What to work on: Write out the listing below in its entirety, minus the pictures, without changing a word.

Data block:
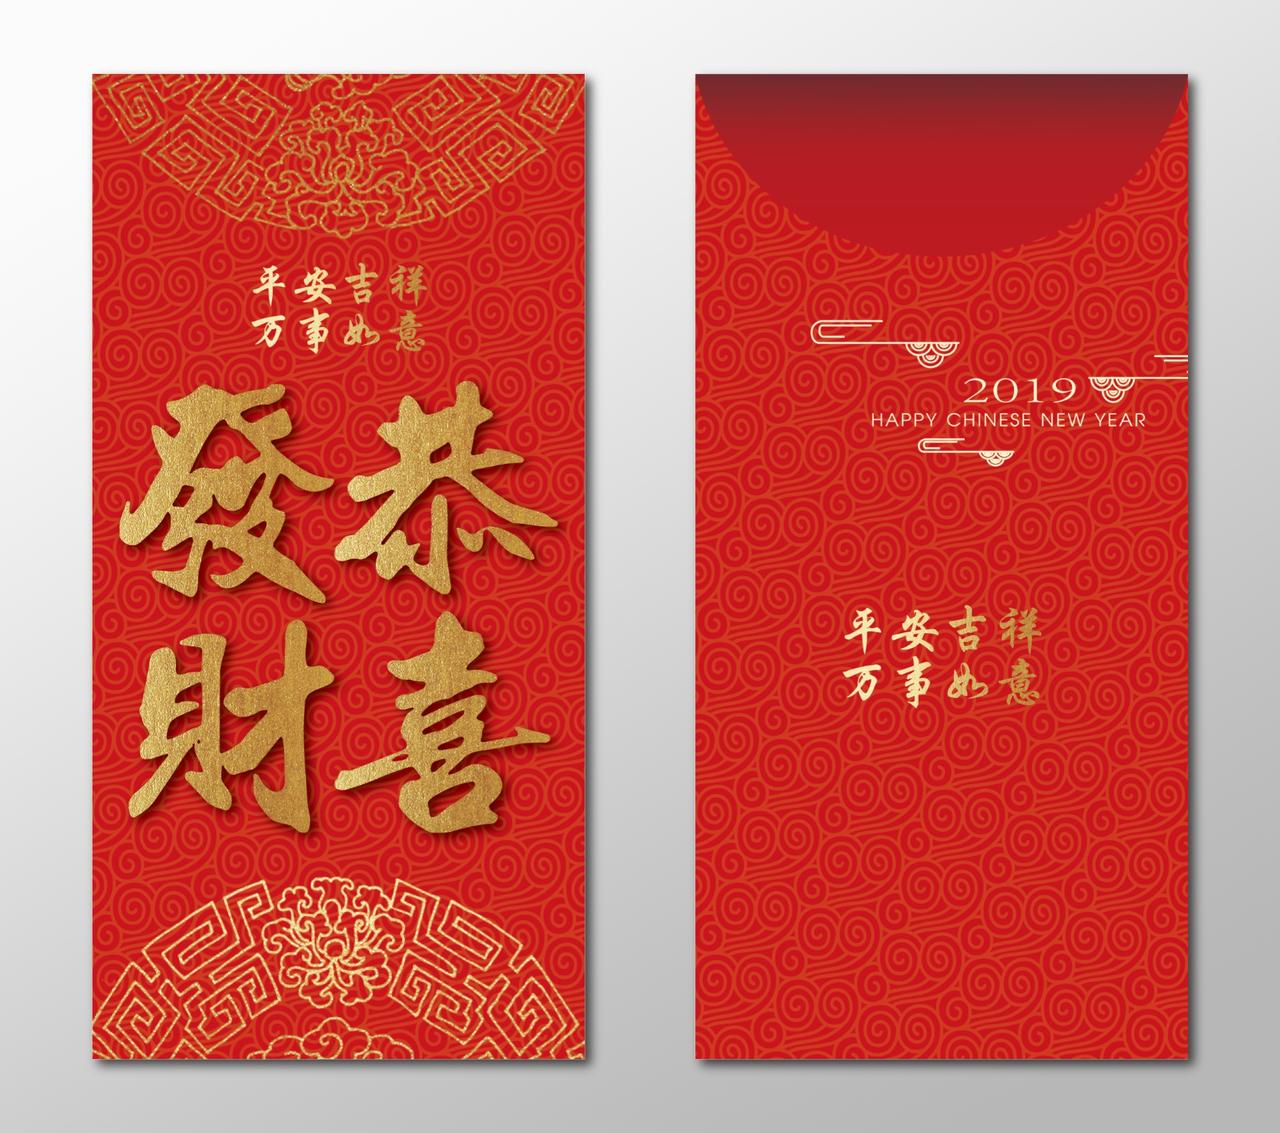 新年祝福恭喜发财春节过年利是封新年红包设计
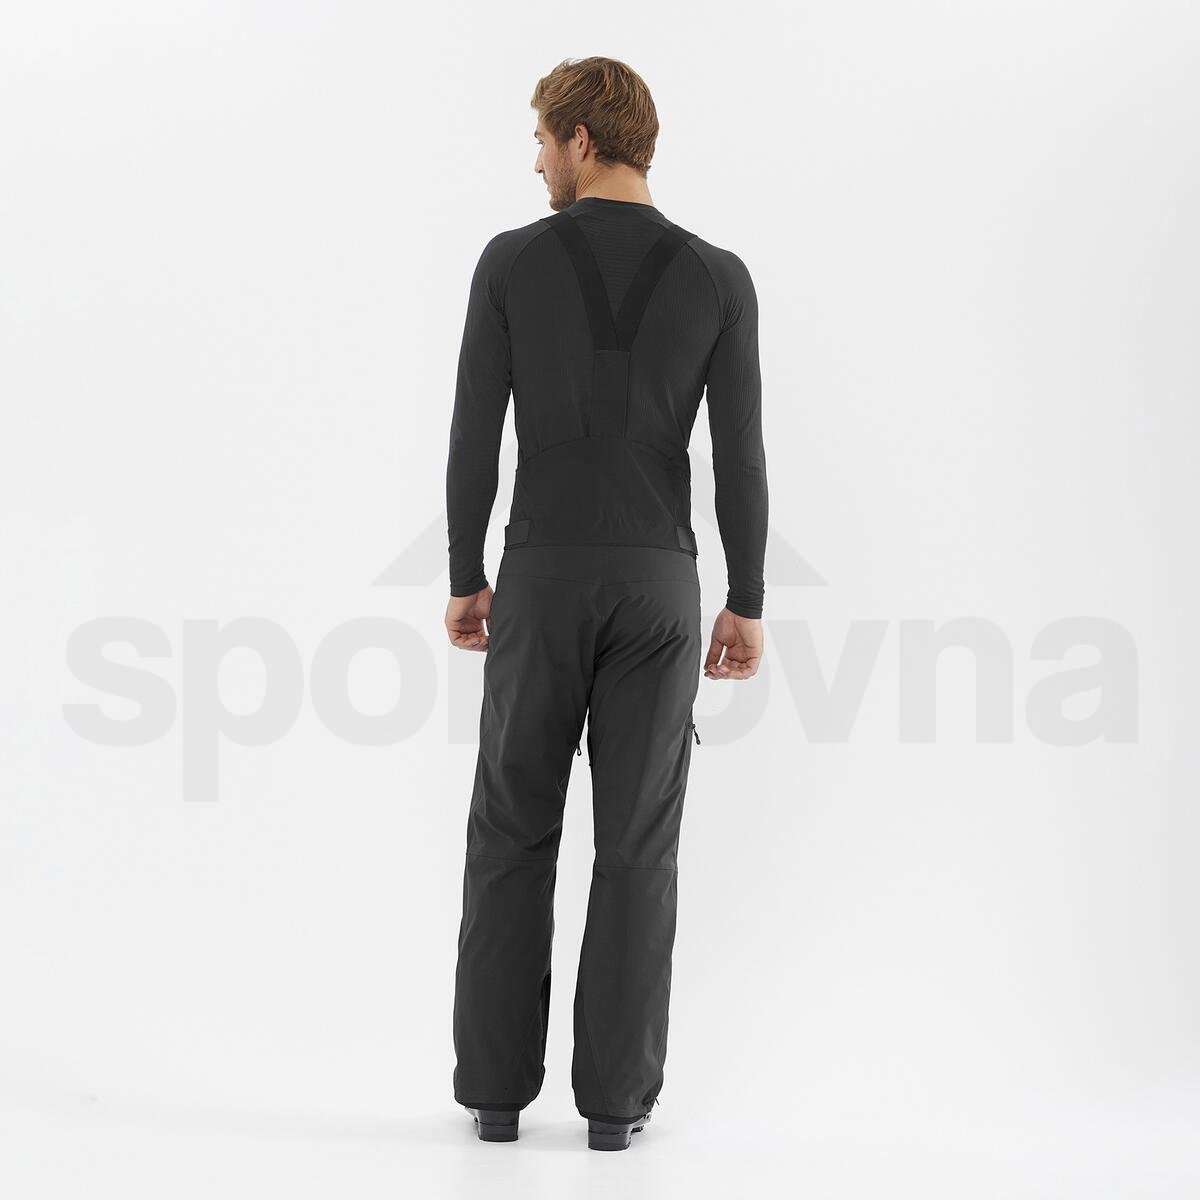 Kalhoty Salomon Brilliant Suspenders M - černá (standardní délka)
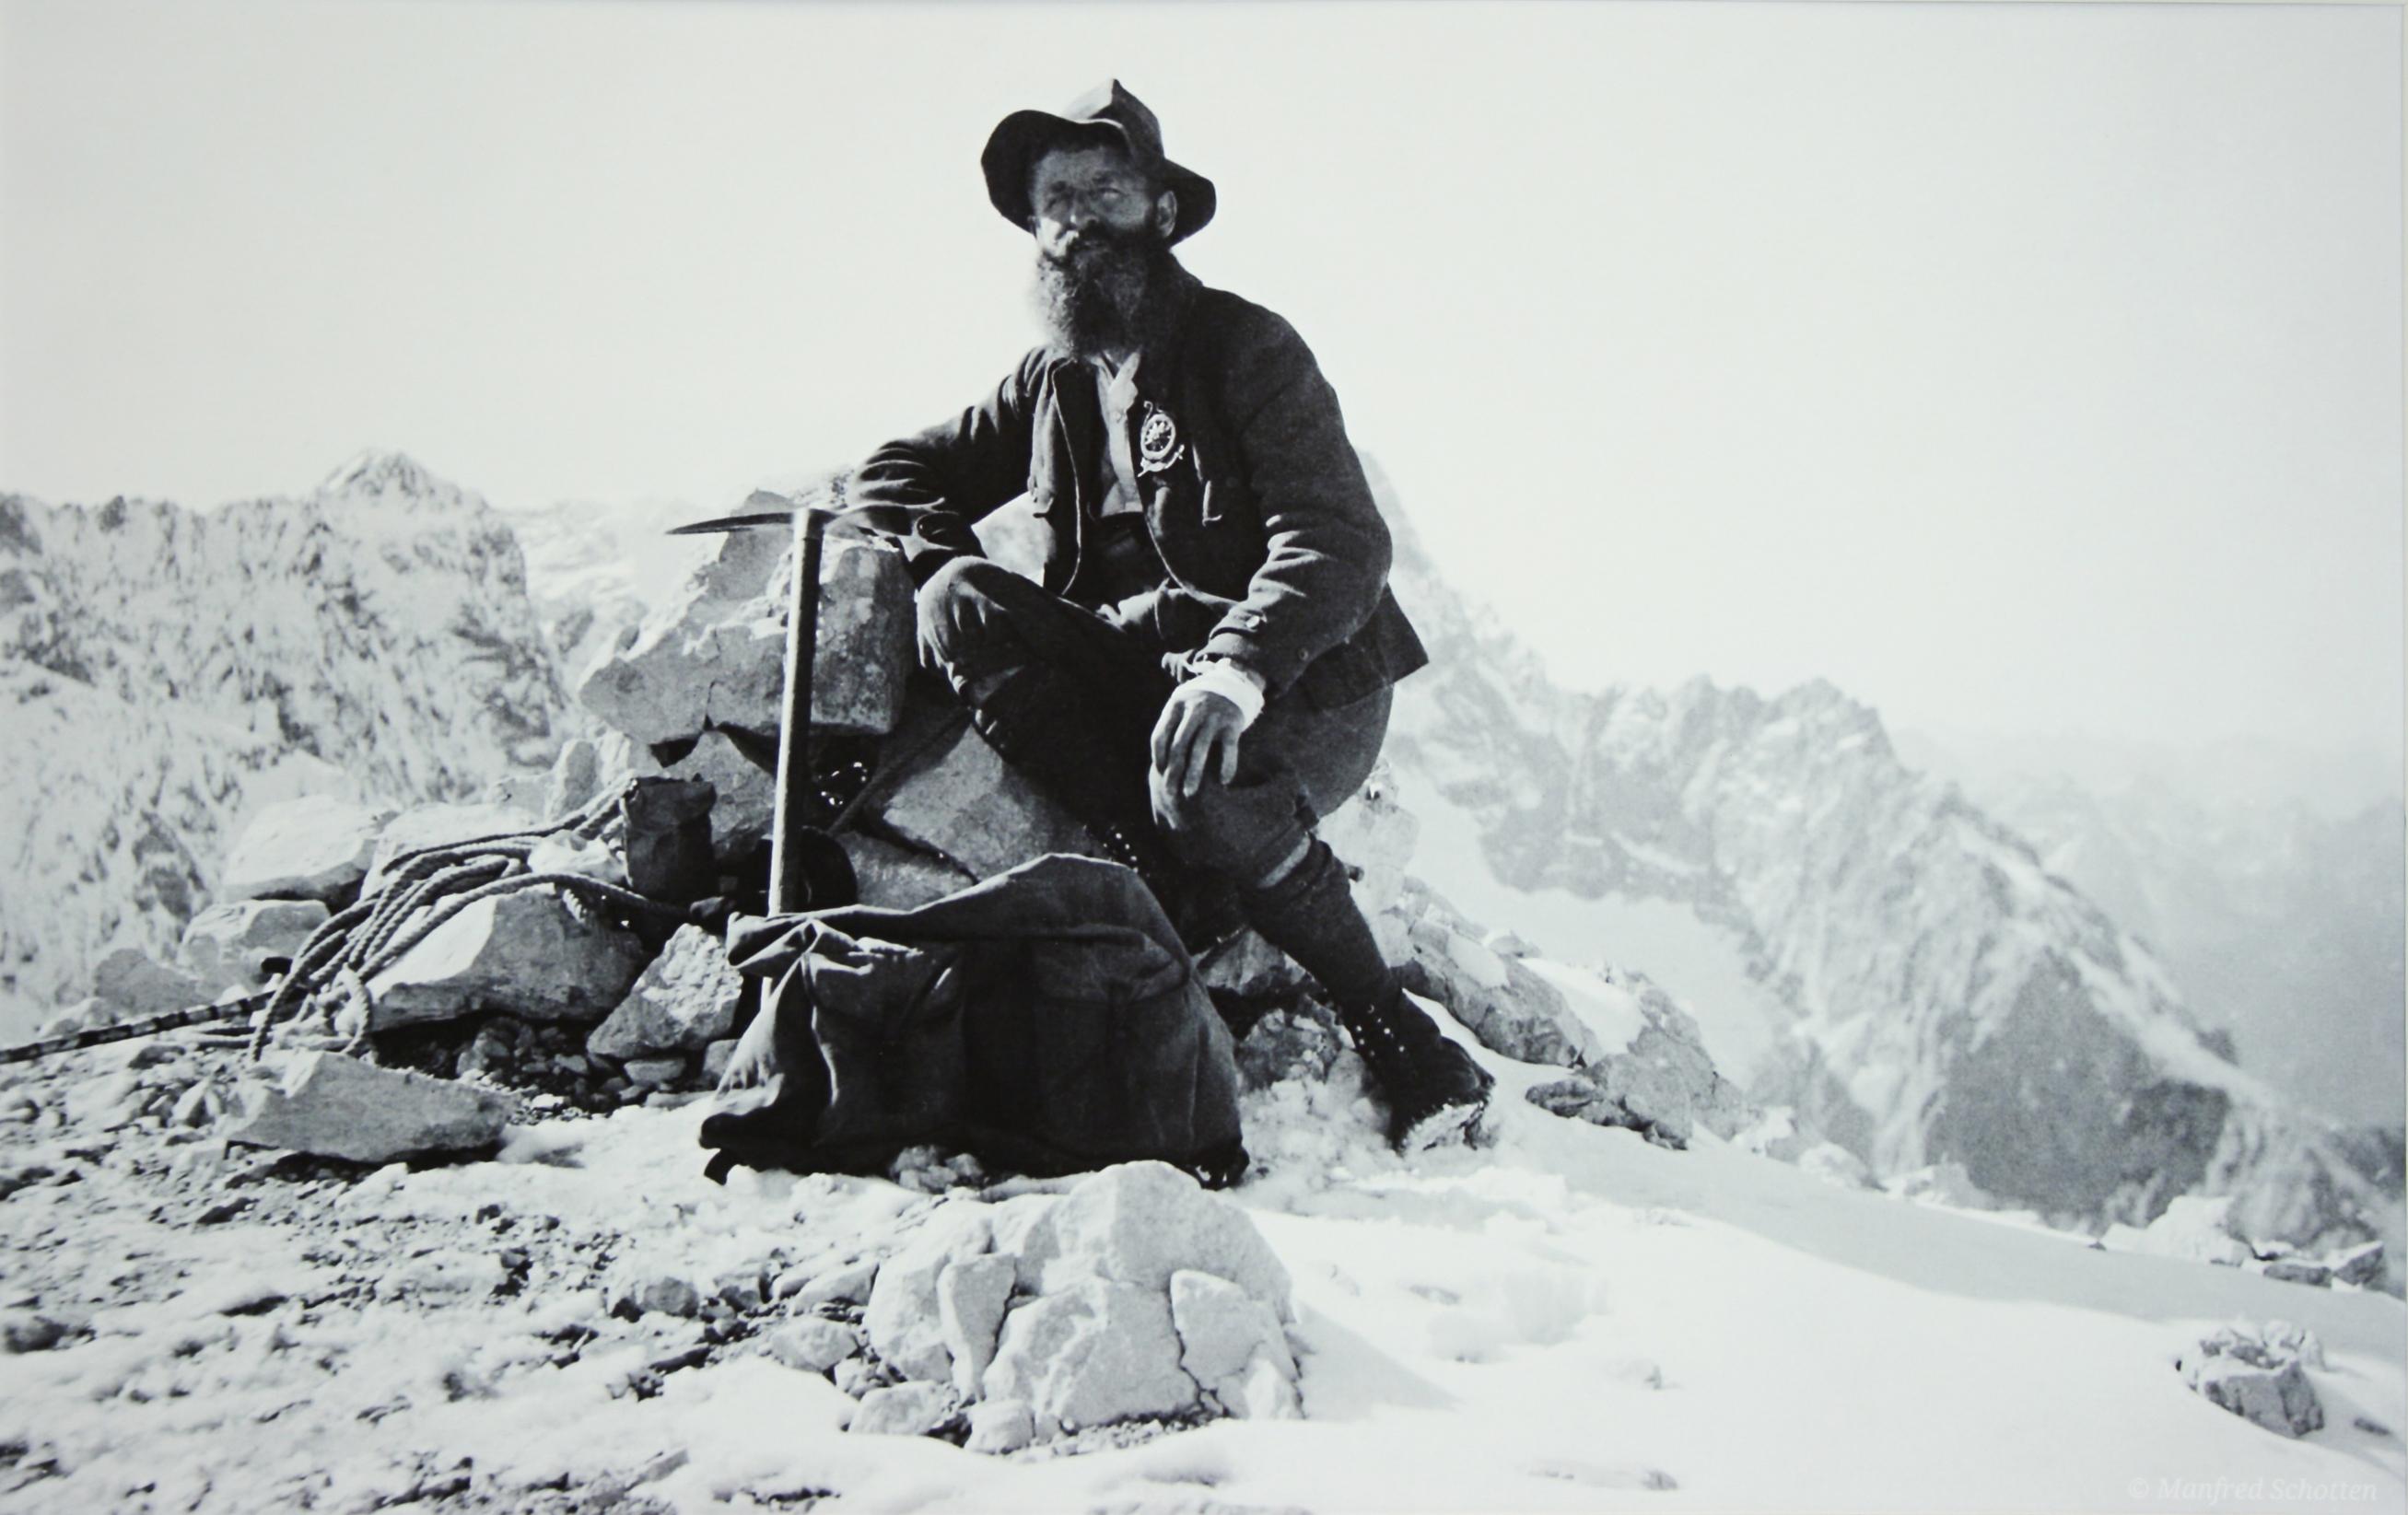 Vieille, ancienne photographie de ski alpin. sur l'Alpspitze avec le Zugspitze derrière, une nouvelle image photographique montée en noir et blanc d'après une photographie originale d'alpinisme des années 1930. Les photos alpines en noir et blanc
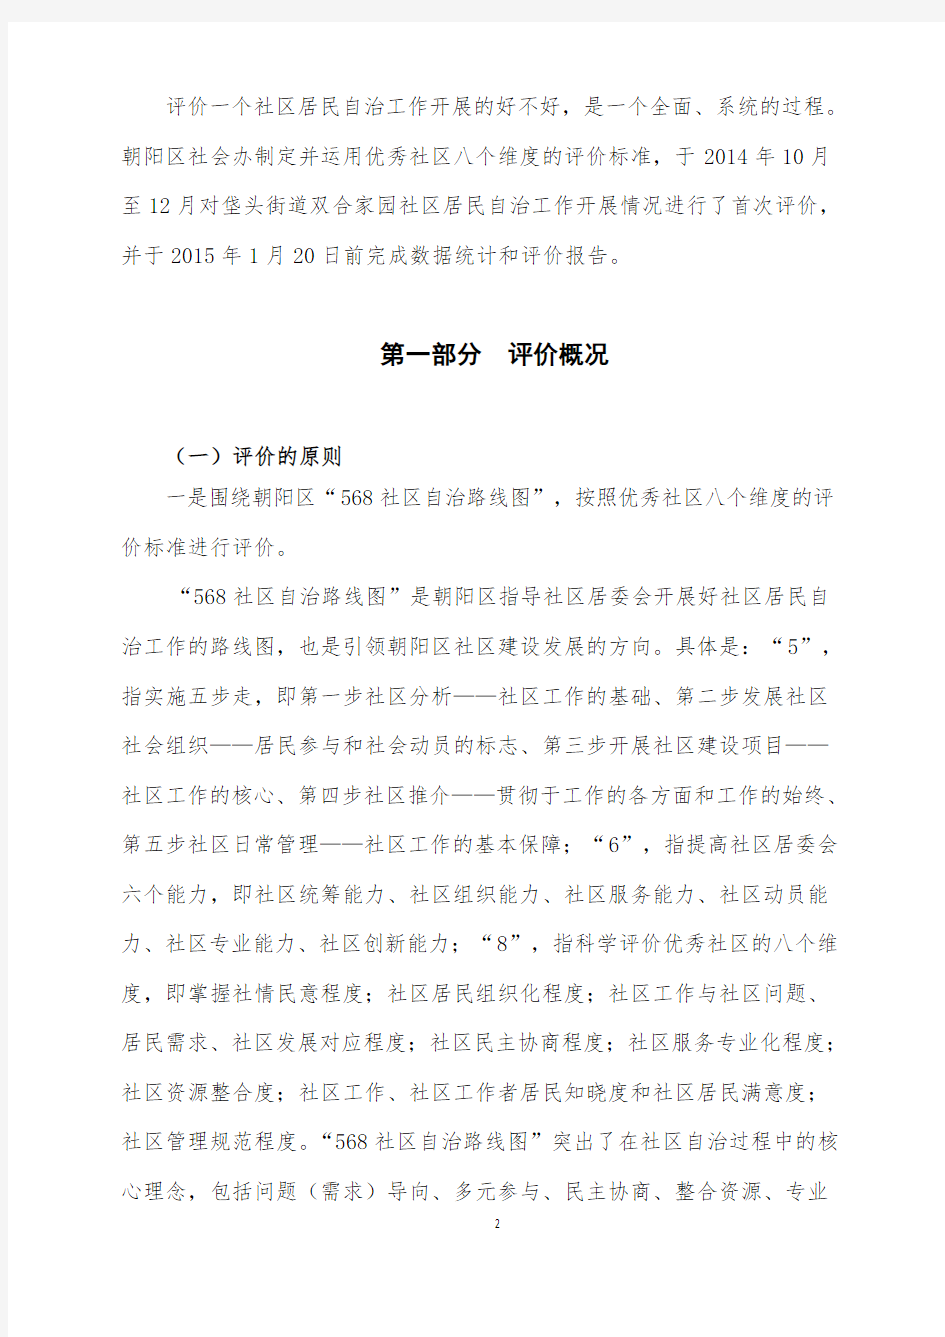 案例分析+北京市朝阳区社会建设工作办公室+朝阳区八个维度评价社区,以双合家园为例

Reply:
 新年祝福恭喜发财春节过年利是封新年红包设计
 Kalhoty Salomon Brilliant Suspenders M - černá (standardní délka)
 Vieille, ancienne photographie de ski alpin. sur l'Alpspitze avec le Zugspitze derrière, une nouvelle image photographique montée en noir et blanc d'après une photographie originale d'alpinisme des années 1930. Les photos alpines en noir et blanc
 案例分析+北京市朝阳区社会建设工作办公室+朝阳区八个维度评价社区,以双合家园为例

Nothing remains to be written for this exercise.